The final piece of the puzzle are the integrations for day-to-day use. Our primary targets today are engineers as well as managers and product folks working to plan and execute software development. This is increasingly in the form of software development life cycles (SDLCs) with AI significantly in the loop and rigorous schema-driven AI coding workflows.

A primary body of work here is building the right interfaces for agent systems to be able to take advantage of the pre-computed content. This has a few components:

Context primitives: A discrete set of tools provides the foundational interface to our context layer. Thoughtful design of the set of core tools is critical for success. Considerations include choosing the information exposed by each tool, the shape of the input and the output, and choosing some tools that provide immediate read access to pre-computed transpiler content and others that trigger on-the-fly generation of new content. Today, tools are often provided via the model context protocol (MCP) or as standard API endpoints.

Intelligent orchestration: This means making sure agents are aware of and choose to use the core tools in the right ways and at the right times. This is an area of rapid development currently, with many agent system-specific implementations. This includes how individual MCP tools and MCP services are documented and treated by agent systems on installation, building workflow information into global components such as CLAUDE.md and AGENTS.md, and new implementations of triggerable bundles of behavior such as in skills and sub-agents.

Modular implementations: We want to build all of this as a context interface layer independent of the particular agent or client systems that will use it. Interface standards, such as the MCP adopted by the majority of the agentic industry, are very important here.

Context window optimization: Individual agents today must manage a finite context window.
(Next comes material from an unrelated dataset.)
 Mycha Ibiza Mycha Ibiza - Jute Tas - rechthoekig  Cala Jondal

Compaction processes, required when a context window is nearing complete usage, are a source of fear and frustration in longer running flows. There are many ways to alleviate this situation, and major advancements are incoming. But this is related to a core value in dense, high SNR context. Beyond the core value of better, more consistent, and more robust output, Driver’s pre-computed content can significantly reduce agent context window token usage by obviating on-the-fly discovery.

Today, our flagship coding agent MCP service is available, complete with 7 core tools, split between those that provide powerful “deep context” documents and those that provide more granular navigation tools. This can be used with a wide variety of agentic systems out of the box. We’re actively working on more advanced runtime implementations using skills, sub-agents, and generative MCP tools.

The Results

Let’s revisit the three failure modes from before:

The “whiffing” problem: By providing holistic context (deep context docs) and granular navigational tools, agents are immediately onboarded to any codebase. For arbitrary tasks, they either immediately know what is relevant or know where and how to go investigate further. As a result, they don’t miss context and don’t require steering from human users.
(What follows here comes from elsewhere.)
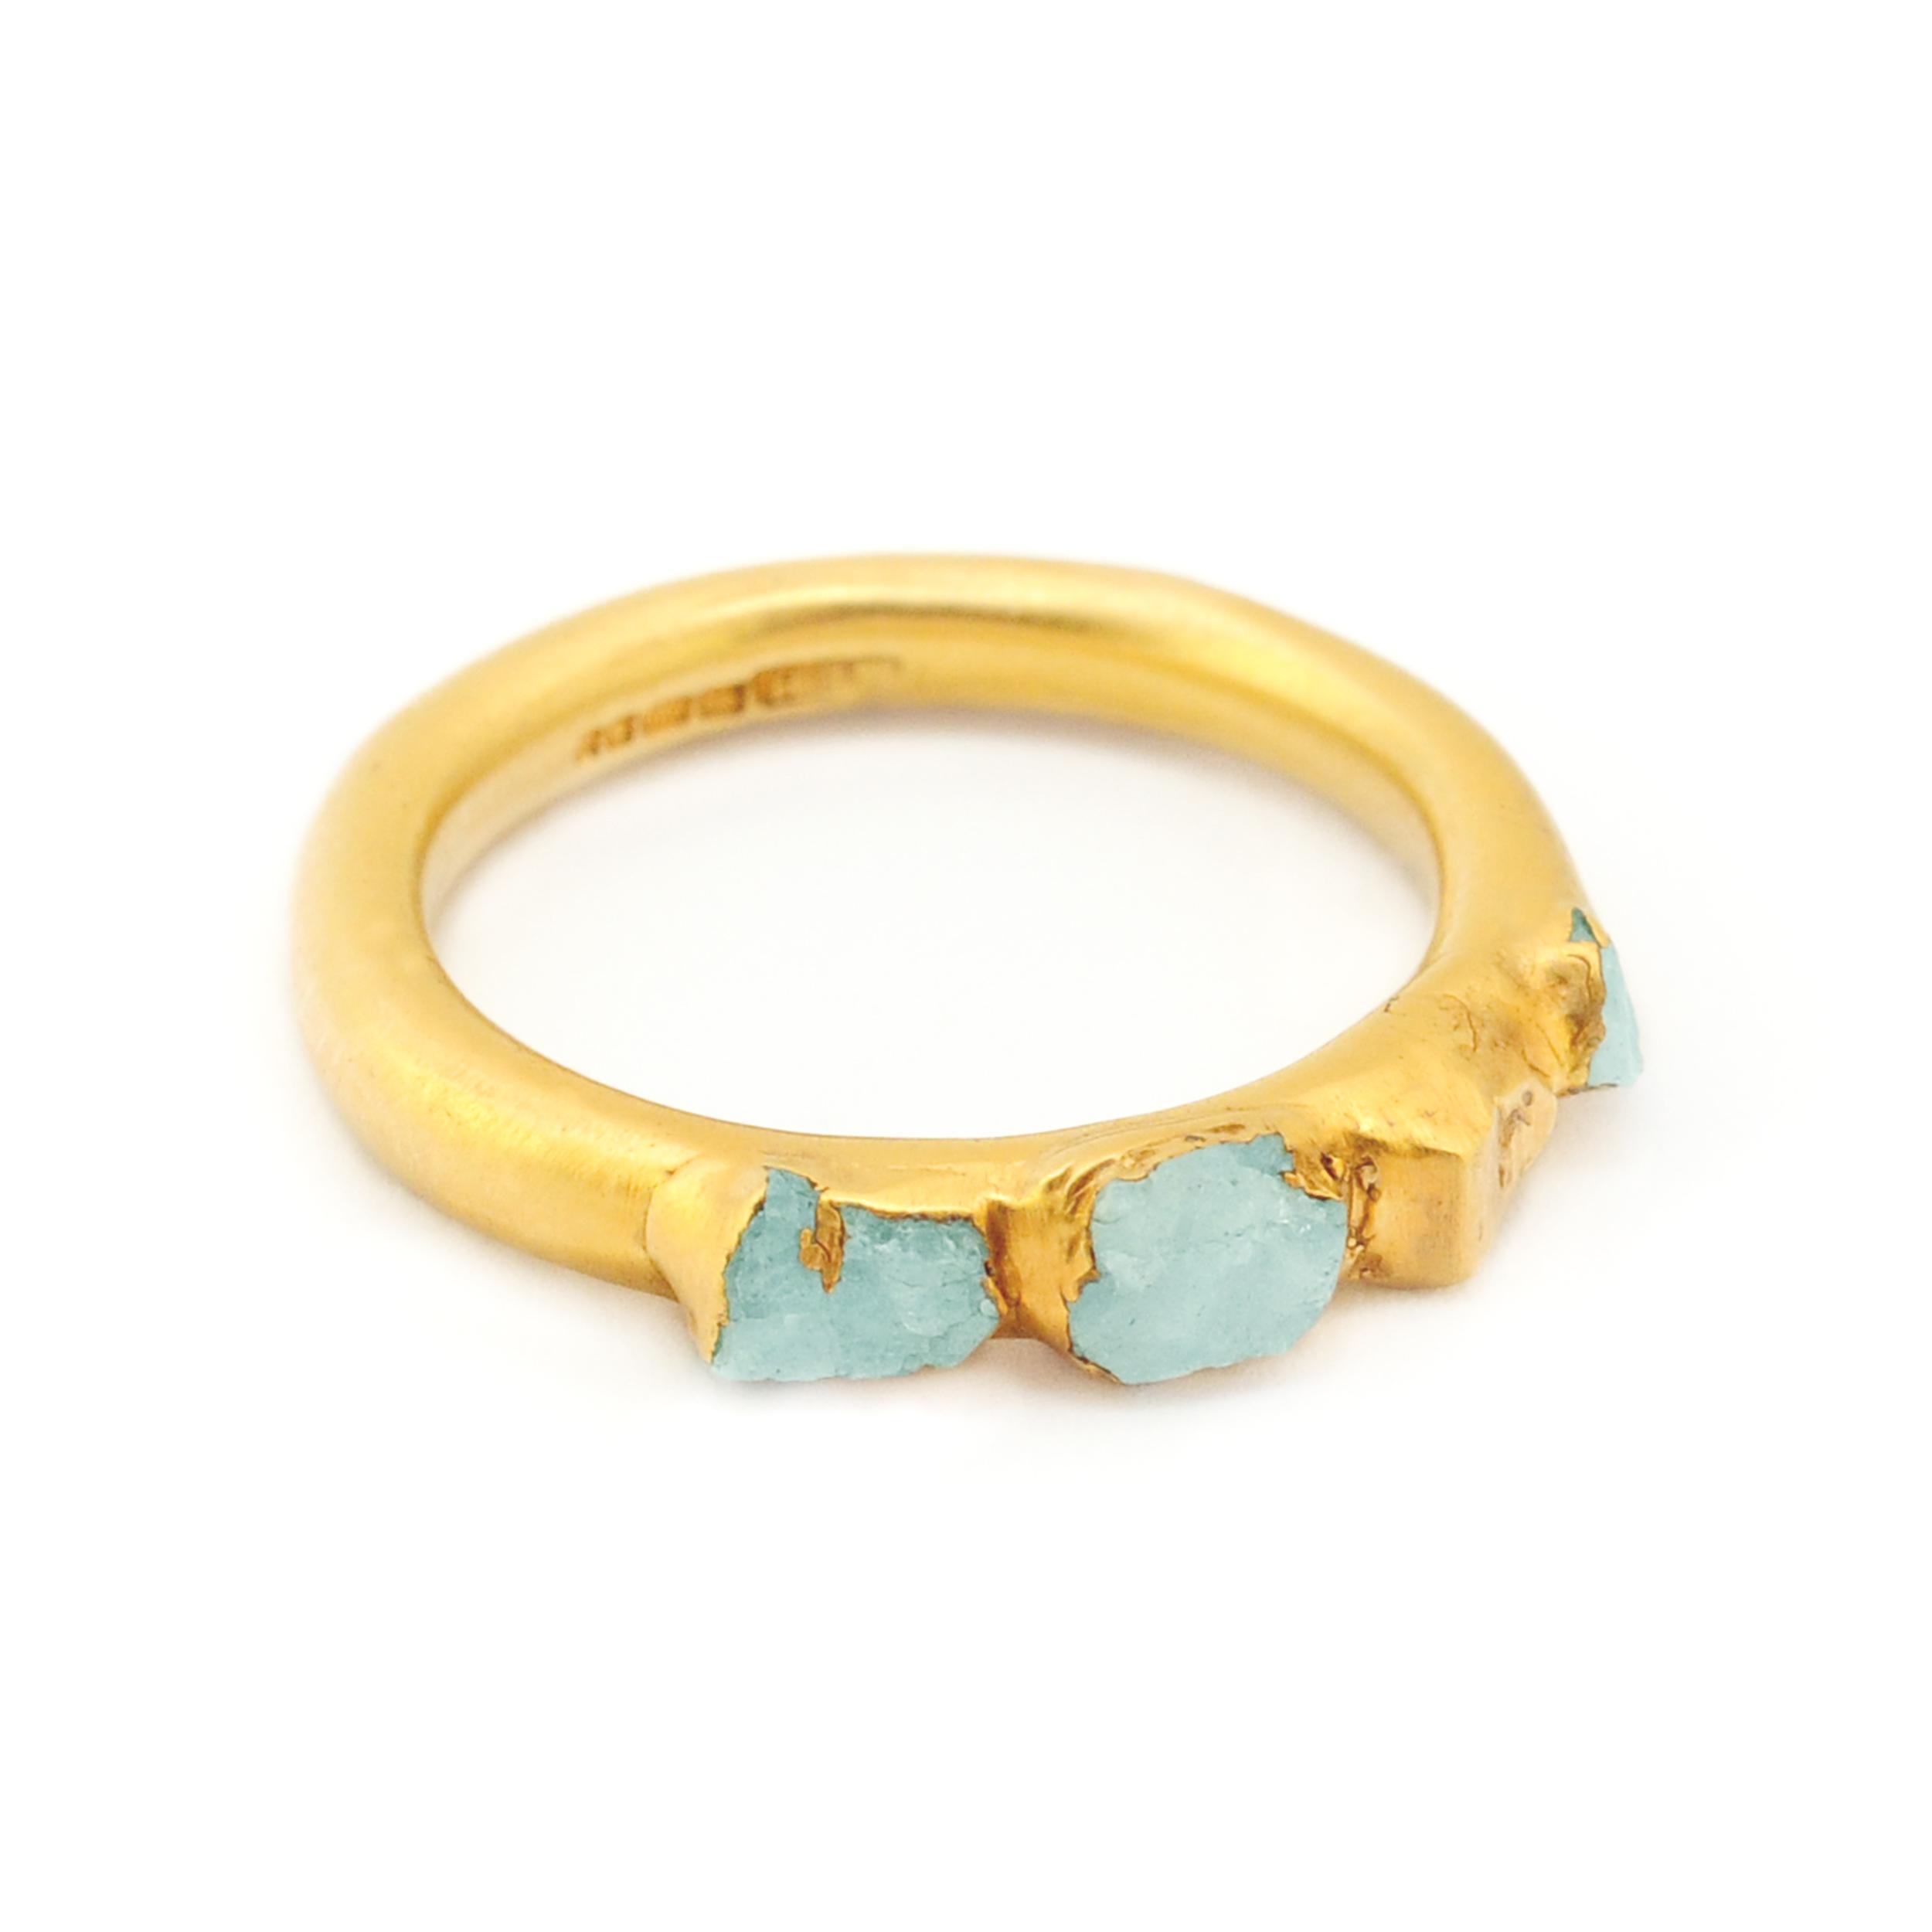 4. Mabel Hasell - Gold plated aquamarine crystal ring.jpg

The “task-dependent SNR” problem: Driver’s pre-computed content has pre-distilled information on important topics and provides the clarity agents need to quickly assemble the task-specific context they need.

The “shape and abstraction level” problem: Driver’s context layer has pre-computed context from the symbol-level to the codebase-wide level on various topics. This can be fetched and augmented at runtime according to their needs.

Customers today are getting great results using Driver’s context layer. By pre-solving much of the source context problem and providing effective interfaces for agents, Driver allows them to work faster and much more confidently. We’re working internally on benchmarks that articulate and quantify the benefits of Driver’s context layer, looking at both well-known existing agentic benchmarks but also custom benchmarks that are better focused on scope, complexity, and context challenges in software development.